## ACTION ITEM
Your answer should be the lines from the one with "Cartier La Maison" to the end of the data below, both included, exact and free of pictures.

-- DATASET EXCERPT follows --

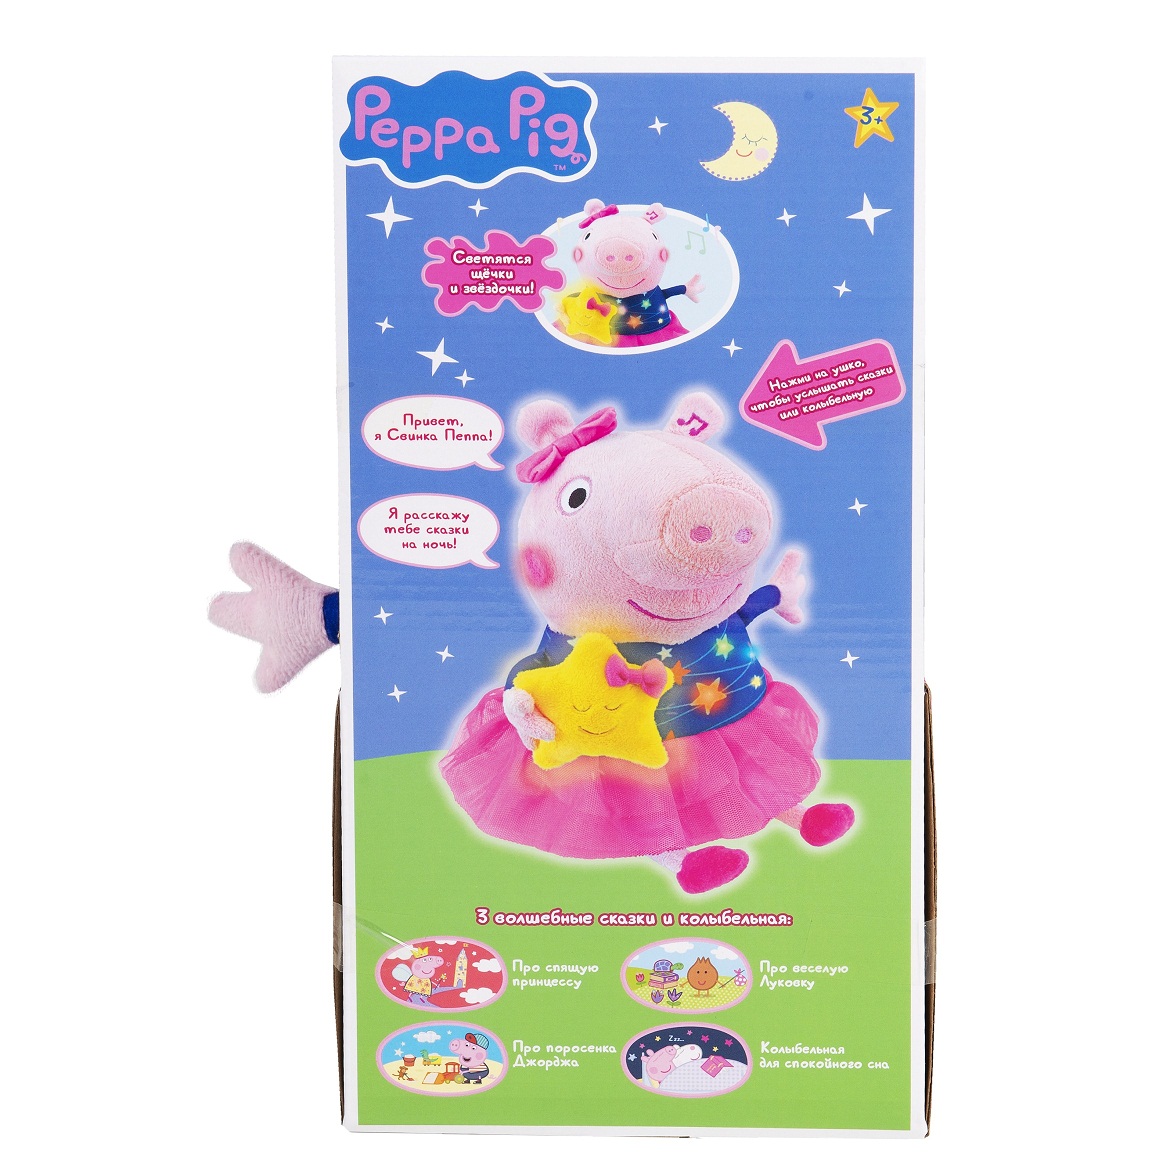 Мягкая игрушка-ночник ТМ Peppa Pig - Свинка Пеппа, свет, звук  
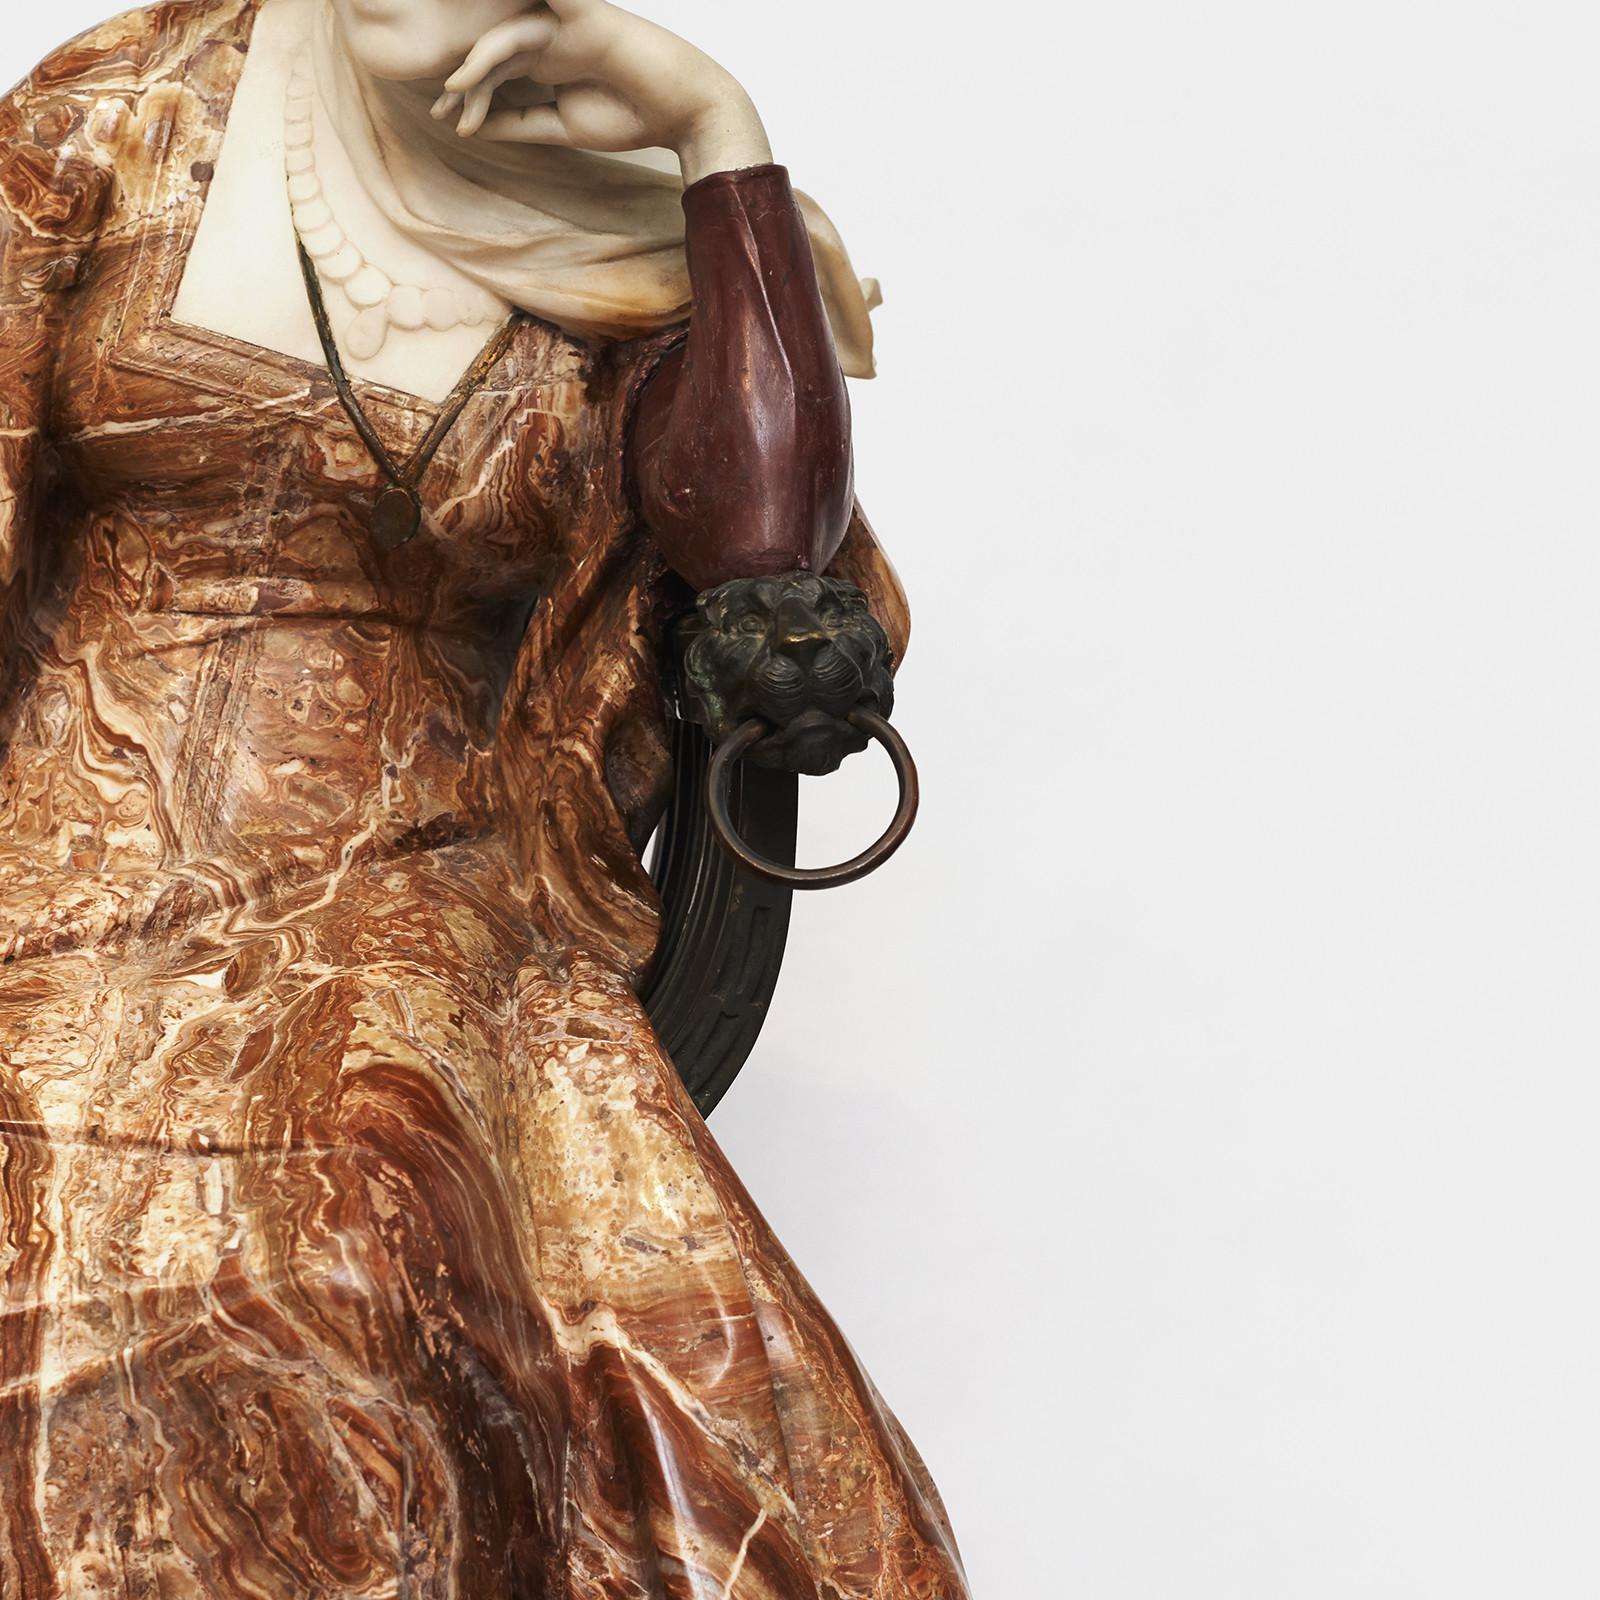 Ferdinando Vichi Marble Sculpture Sitting Woman On Pedestal For Sale 2
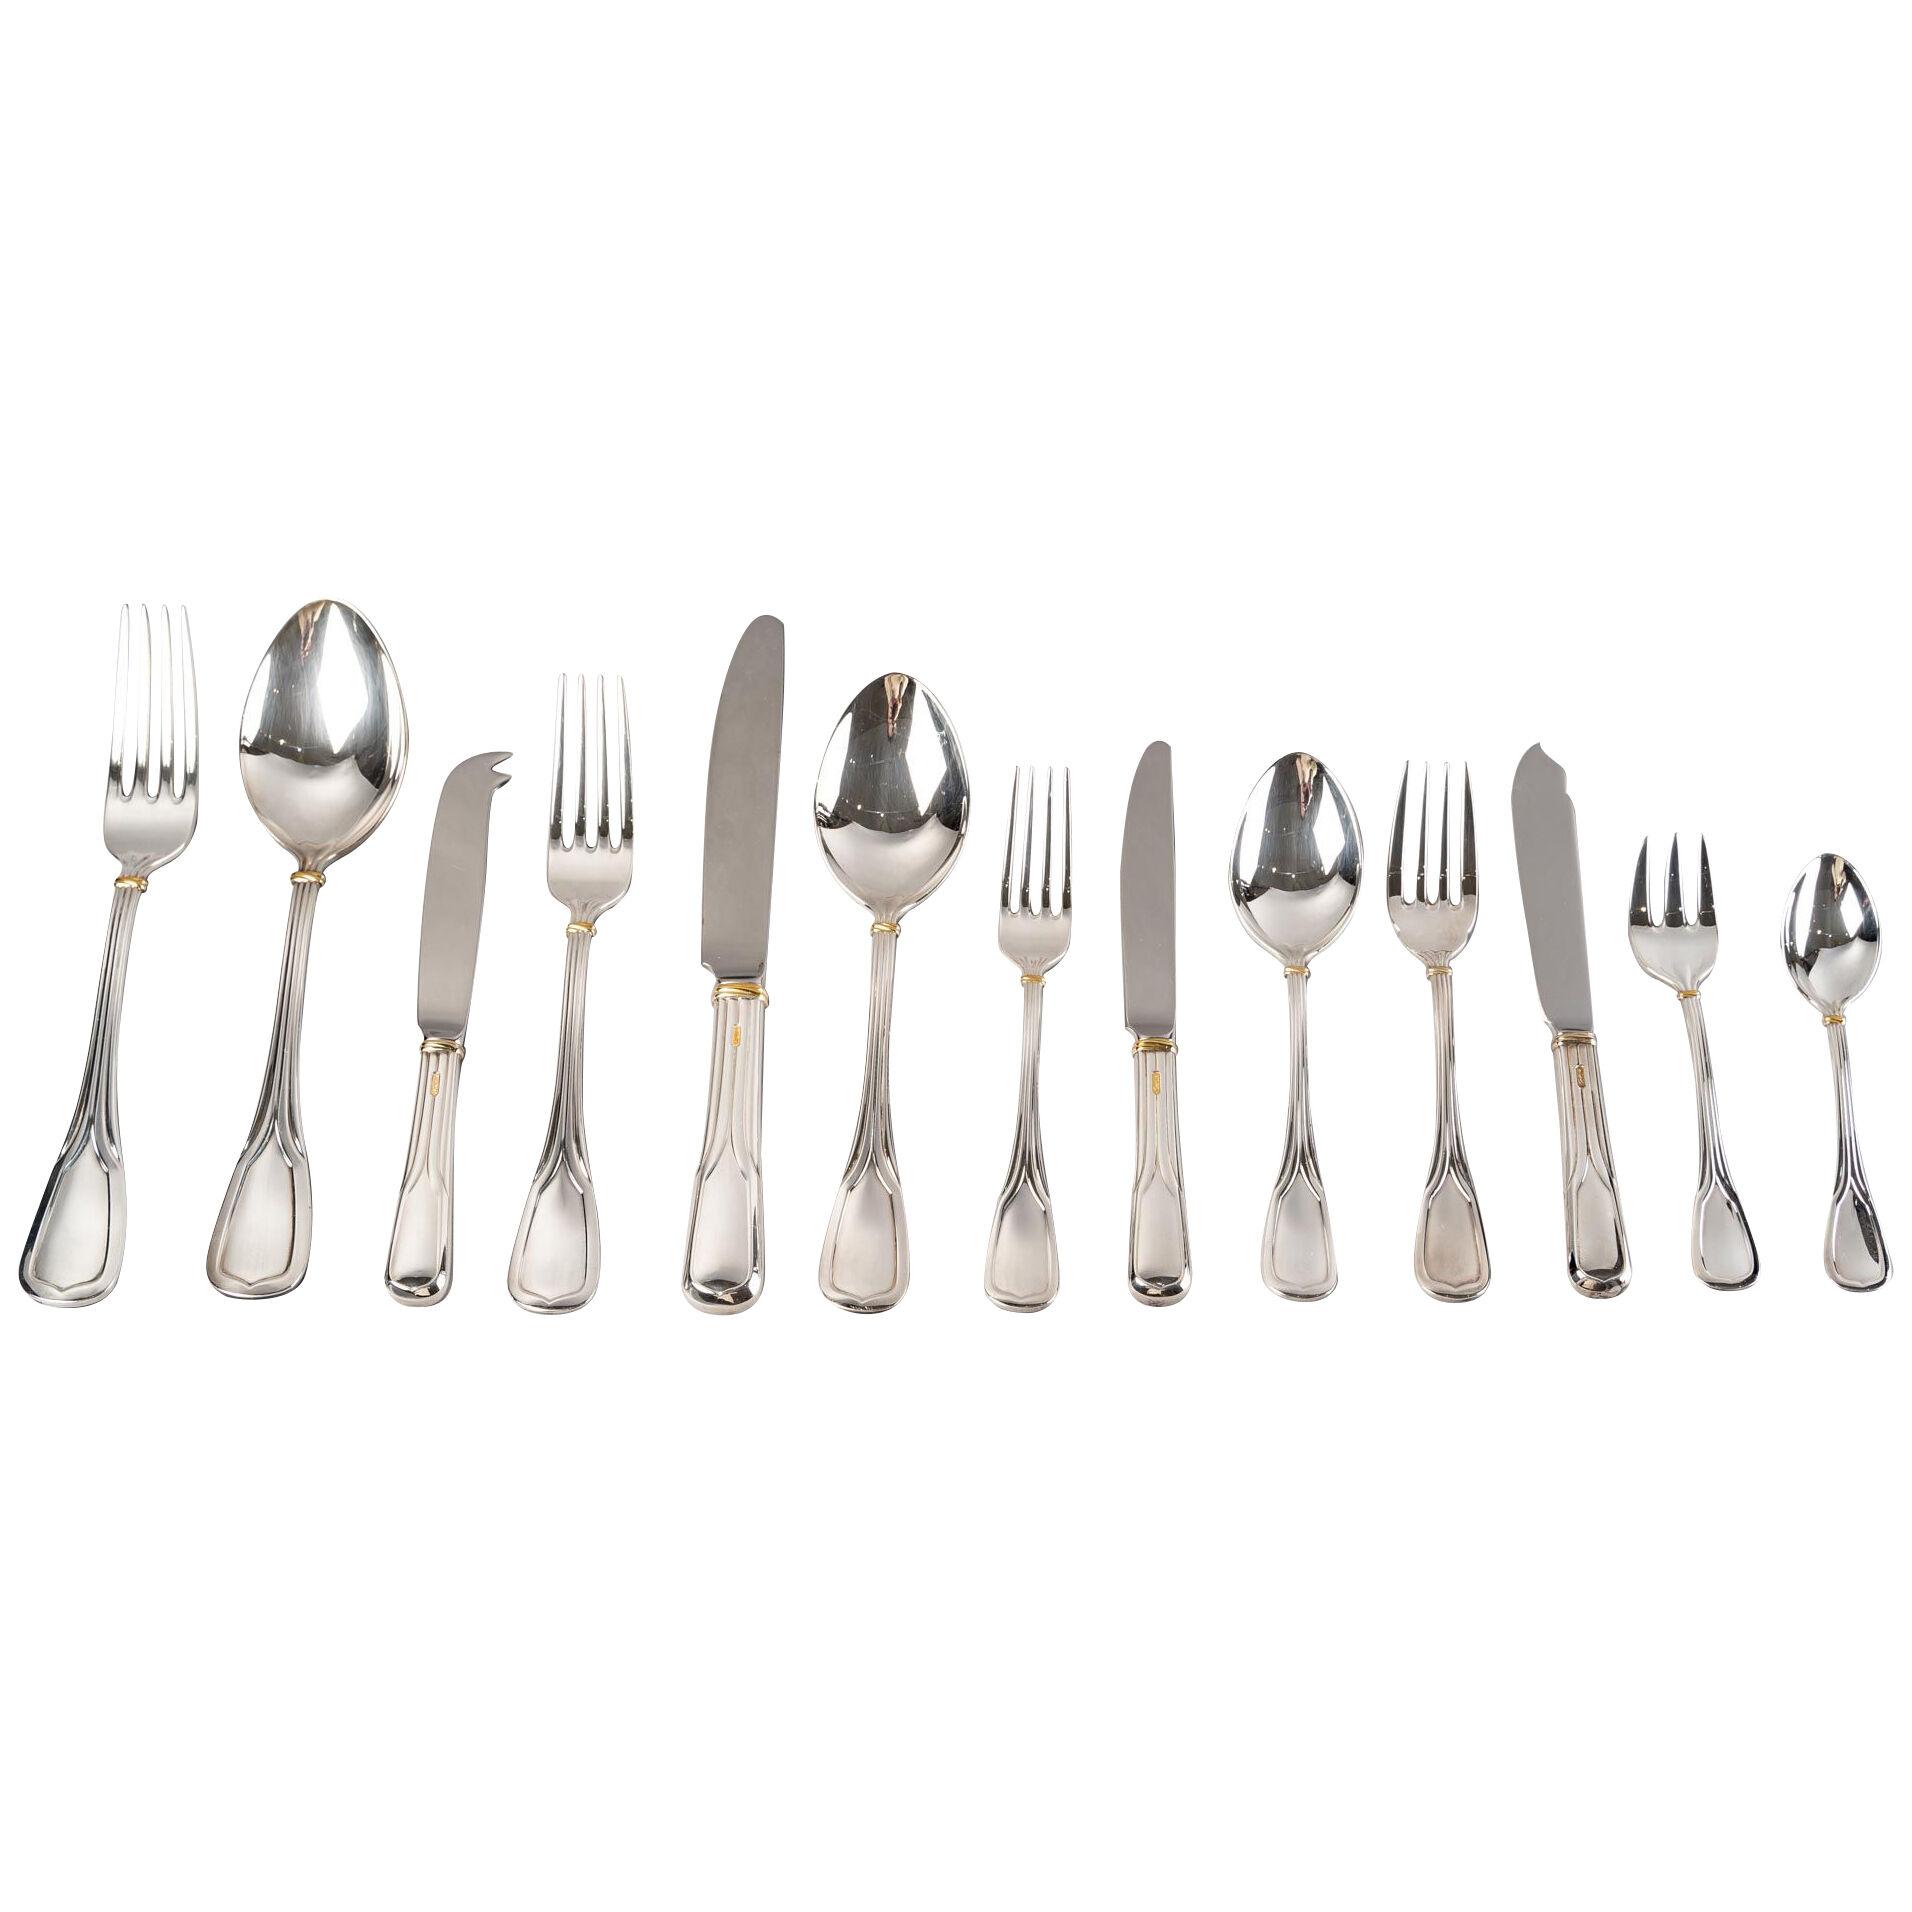 Cartier La Maison Du Prince - Cutlery Flatware Silver Plated 110 Pieces In Box
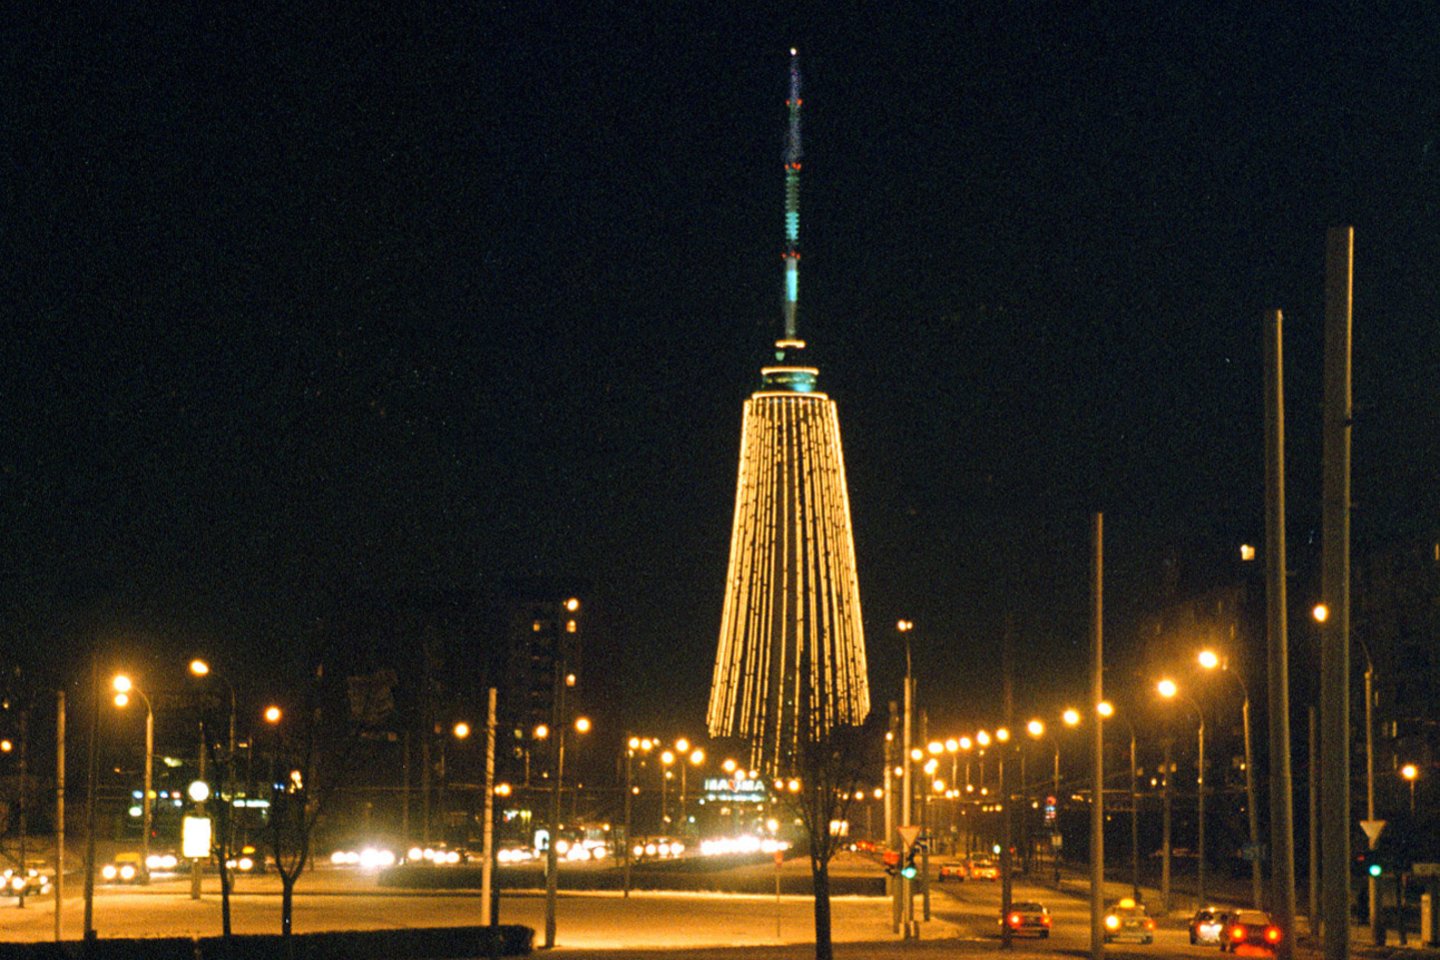  Vilniaus televizijos bokštas. 1999-ieji.<br> V.Ščiavinsko nuotr.

-- DATASET EXCERPT concluded --

## PROBLEM SOLUTION
 Cartier La Maison Du Prince - Cutlery Flatware Silver Plated 110 Pieces In Box
  Vilniaus televizijos bokštas. 1999-ieji.<br> V.Ščiavinsko nuotr.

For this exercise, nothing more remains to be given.